Hotchassis Leah Wheeler told me the program is still new, so they havent developed detailed, sim-based curricula for their machines, but thats coming. She says some teachers want a full syllabus while some want to develop their own. I can see the possibilities. Although theyre not using sims, a non-profit called thinkglobalflight.org is about to launch a global circumnavigation in a Cirrus with the like goal of promoting STEM. The flight will launch from Sun n Fun in April.

Now at this point, a normal aviation journalist would wax enthusiastic about what a great idea this blending of STEM and aviation is. But if I was ever normal, I no longer am, so Im going to bifurcate the topic a little. First, the idea of stimulating math and science with a flight simulator is terrific, even if the kids attracted to it ultimately view it as just a carnival ride and never commit actual aviation. As I said, the smart kids dont need this motivation, but the great unwashed middle-a school in which I proudly matriculated with an underachieving 2.5 GPA-may need all the help they can get. Theyll be the people not necessarily inventing, but building, operating and repairing the machines of the future. The more STEMcentric they are, the better. We dont need to grab all of them, just more of them. If these programs can do that, why not?

As of today, I am officially announcing my atheism with regard to attracting young people to the romance and magic of flight. All the things weve tried to do this have more or less failed and we arent producing-nor are we likely to produce-many new pilots from the youth ranks. Weve abundantly assured that they cant afford to fly airplanes and long-term income projections suggest this wont change in a global economy thats become hyper-competitive.

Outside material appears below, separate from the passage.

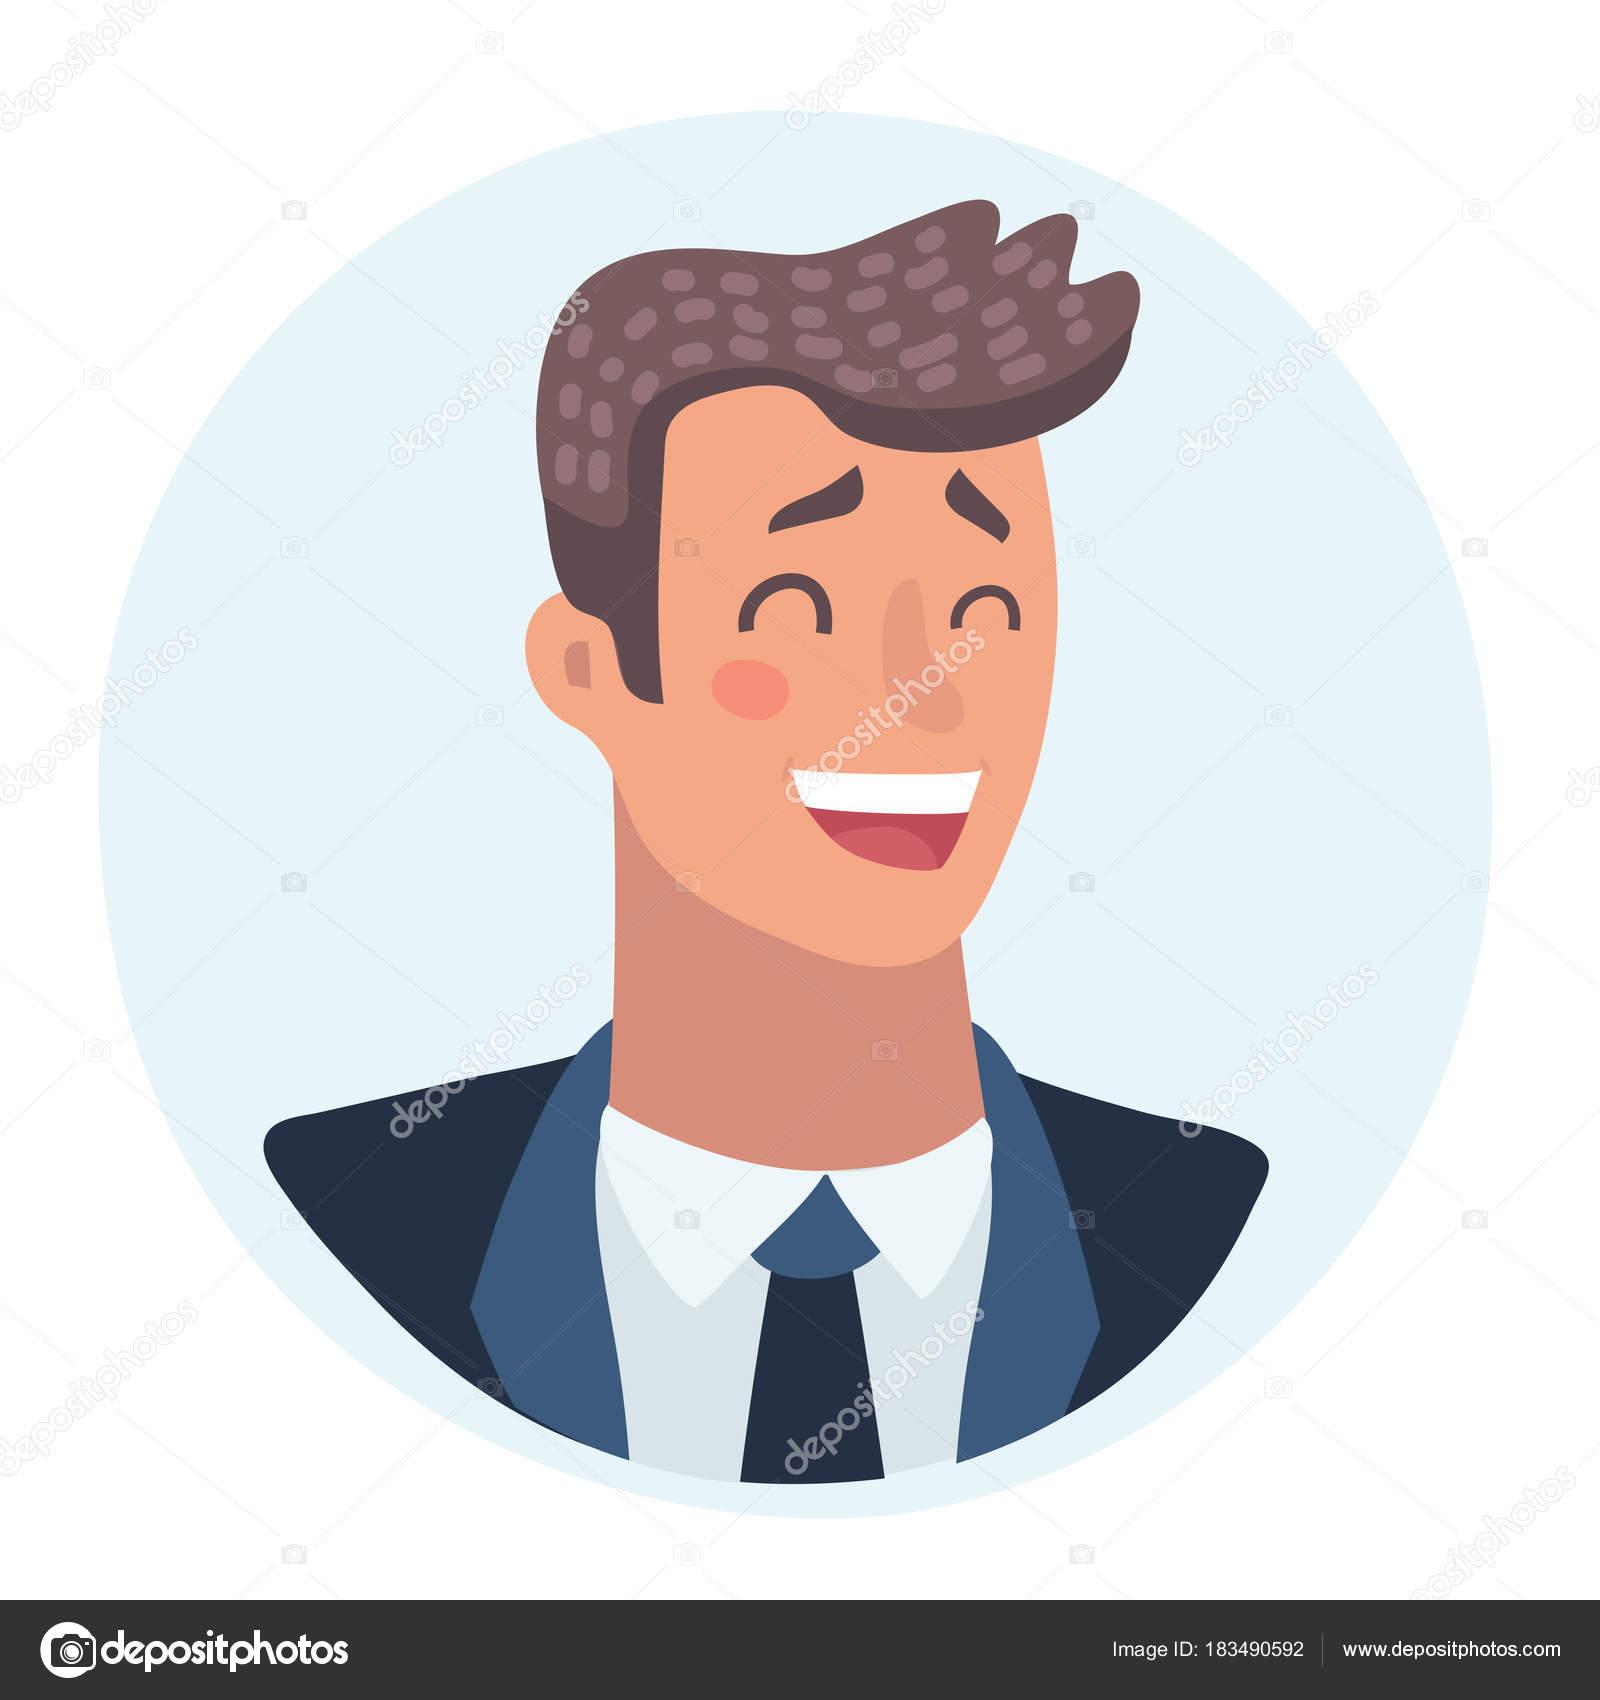 Jeune Homme Visage Expression Faciale Illustrations De Vecteur De

So as much as I might like to delude myself by thinking sim-based STEM training will energize a vast new generation of pilots, Im preferring, maybe, to accept the reality that thats just not likely to happen. Perhaps its best if we encourage the smart kids who will invent the future to land one of those top 5 percent of jobs that will allow them to buy a used Cirrus in 2025.

And look at it this way: If a handful of good science teachers get hold of these sims and use them in the same classrooms where the local school board has decreed the teaching of creationism, that is by no means a small victory.